Guatemala


LA REORGANIZACIÓN DE LAS PATRULLAS DE AUTODEFENSA CIVIL


CEG *

El gobierno del Frente Republicano Guatemalteco -FRG- está en crisis: la corrupción en que han incurrido muchos funcionarios ha provocado que ni siquiera promesas hechas a sus sectores de base social ha cumplido y las protestas se generalizan. Necesita dinero urgentemente, esencialmente para seguir financiando al ejército, para sostener su estructura política y para invertir en el próximo proceso electoral, tratando de rescatar el apoyo de su sector de voto duro de la población que ya se comienza a rebelar: las estructuras paramilitares de las Patrullas de Autodefensa Civil -PAC-.

La promoción de la reorganización de las PAC por la vía de la promesa de una indemnización económica es una violación fragante al Acuerdo de Fortalecimiento del Poder Civil y Función del Ejército en una Sociedad Democrática, que en su literal 61 dice "El gobierno promoverá ante el Congreso la derogación del decreto de la creación de los CVDC (PAC) y le propondrá que entre en vigor el día del Acuerdo de Paz Firme y Duradera.
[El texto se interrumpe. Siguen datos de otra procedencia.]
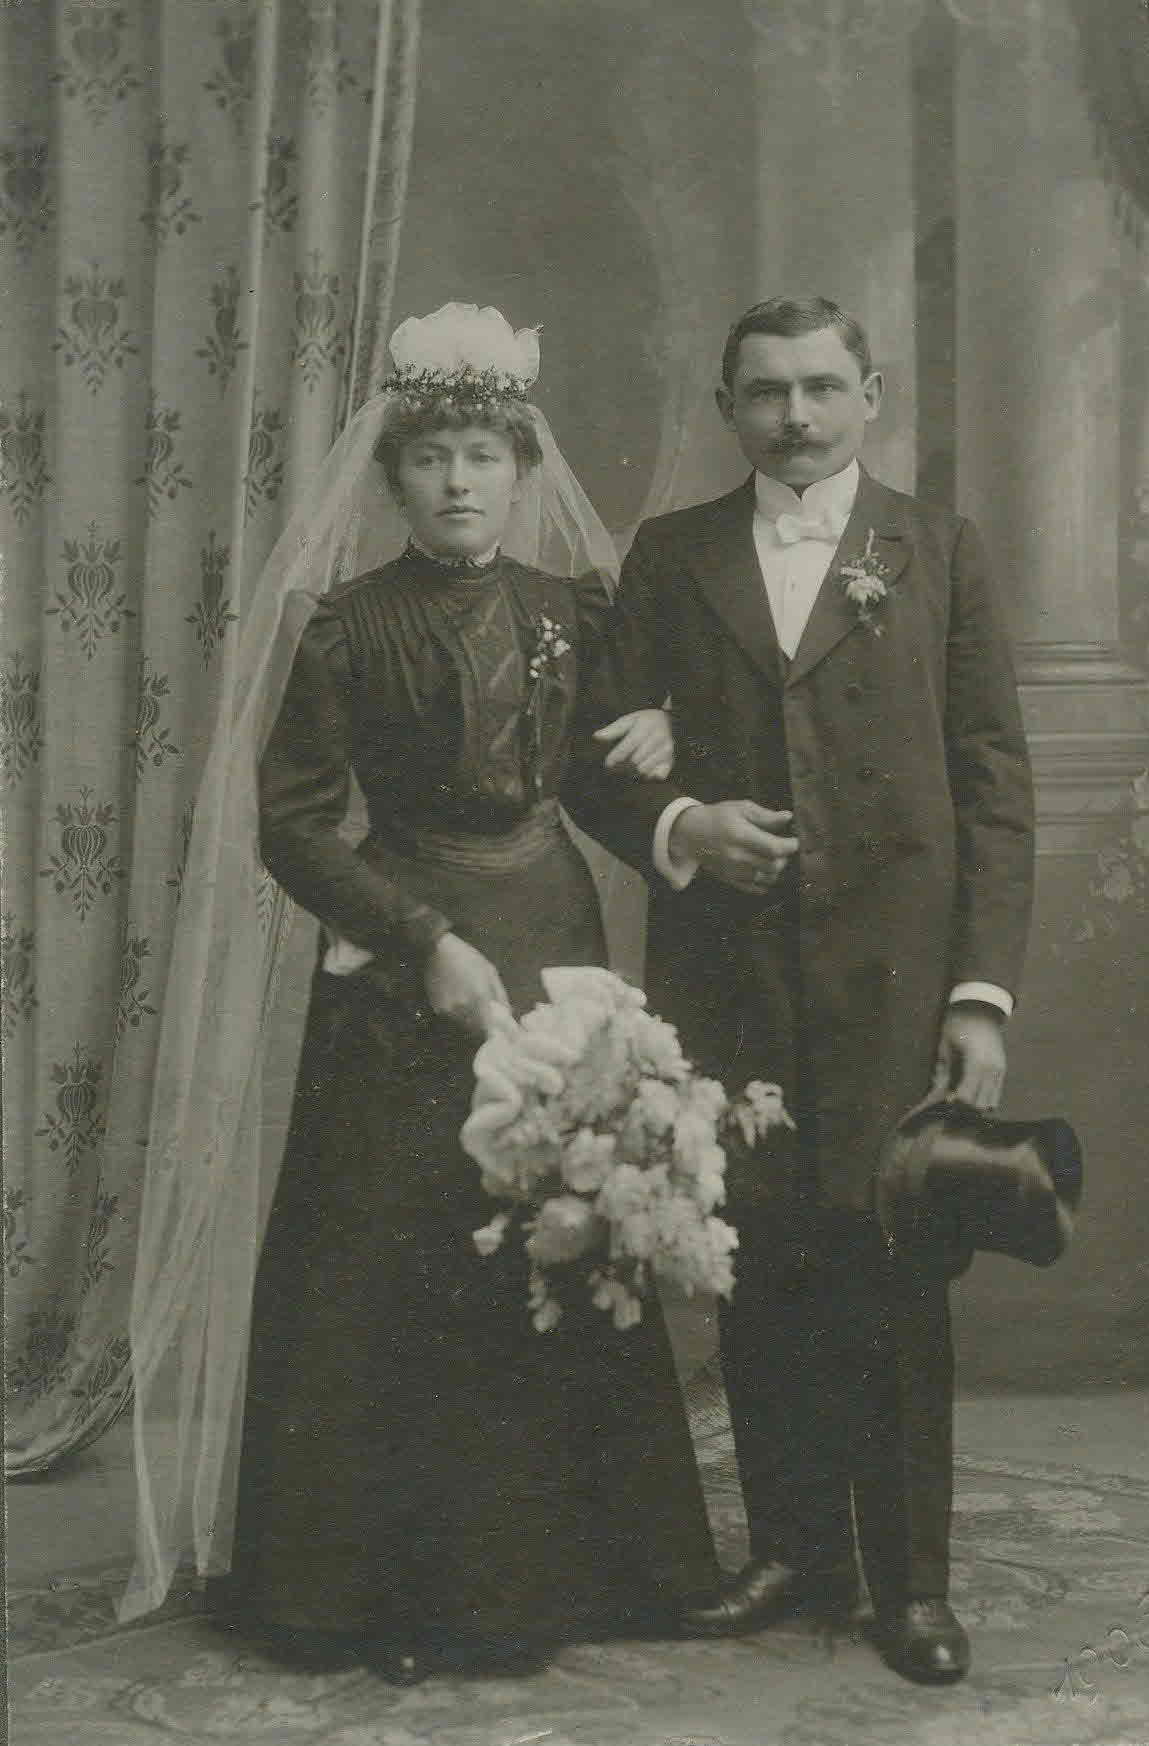 Hochzeitsbild von Walburga und Franz Josef Strauß 1906

La desmovilización y desarme de los CVDC concluirá en un plazo de 30 días después de la derogación del decreto. Los CVDC, incluyendo los que se desmovilizaron con anterioridad, cesarán toda relación institucional con el ejército de Guatemala y no serán reconvertidos de manera que se restituya esta relación".

El gobierno no tiene dinero, pero pretende recurrir al endeudamiento externo mediante la emisión de bonos. Las autoridades han diseñado un plan en el que ponen juntos a víctimas de violaciones de derechos humanos y a los miembros de las que se creía disueltas PAC, y para vender a la sociedad guatemalteca y a la comunidad internacional la idea de un plan general de resarcimiento.

El gobierno guatemalteco se ha lanzado a declarar a los miembros de las PAC "héroes que defendieron a la Patria", mostrando la naturaleza contrainsurgente del gobierno, ofendiendo una vez más la dignidad nacional, dando un paso atrás en el Proceso de Paz y con esa irresponsabilidad sembrando semillas de más enfrentamiento y violencia en el país, que ya están ocurriendo.

En los últimos meses en distintos lugares del país grupos de paramilitares que pertenecieron a las PAC, y muchos que no, han hecho manifestaciones públicas exigiendo al Gobierno que les sea entregada una compensación económica de 20,000 quetzales por las actividades que realizaron durante la época del conflicto armado interno.

Algunos aseguran que fueron obligados por el ejército a organizarse para enfrentar a las guerrillas del país; sin embargo, no se identifican como víctimas, sino exigen una indemnización por "servicios prestados al Estado", y reivindican su papel contrainsurgente.

Mientras que la actitud del gobierno ante las demandas de resarcimiento de los familiares de las víctimas de la violencia estatal durante el conflicto ha sido siempre de un desinterés absoluto, ahora, en el caso de los paramilitares, la respuesta ha sido inmediata y hasta el mismo Presidente de la República, Alfonso Portillo, viajó al departamento de El Petén para dar un discurso ante miles de ellos, comprometiéndose a satisfacer sus demandas y alentando su reorganización.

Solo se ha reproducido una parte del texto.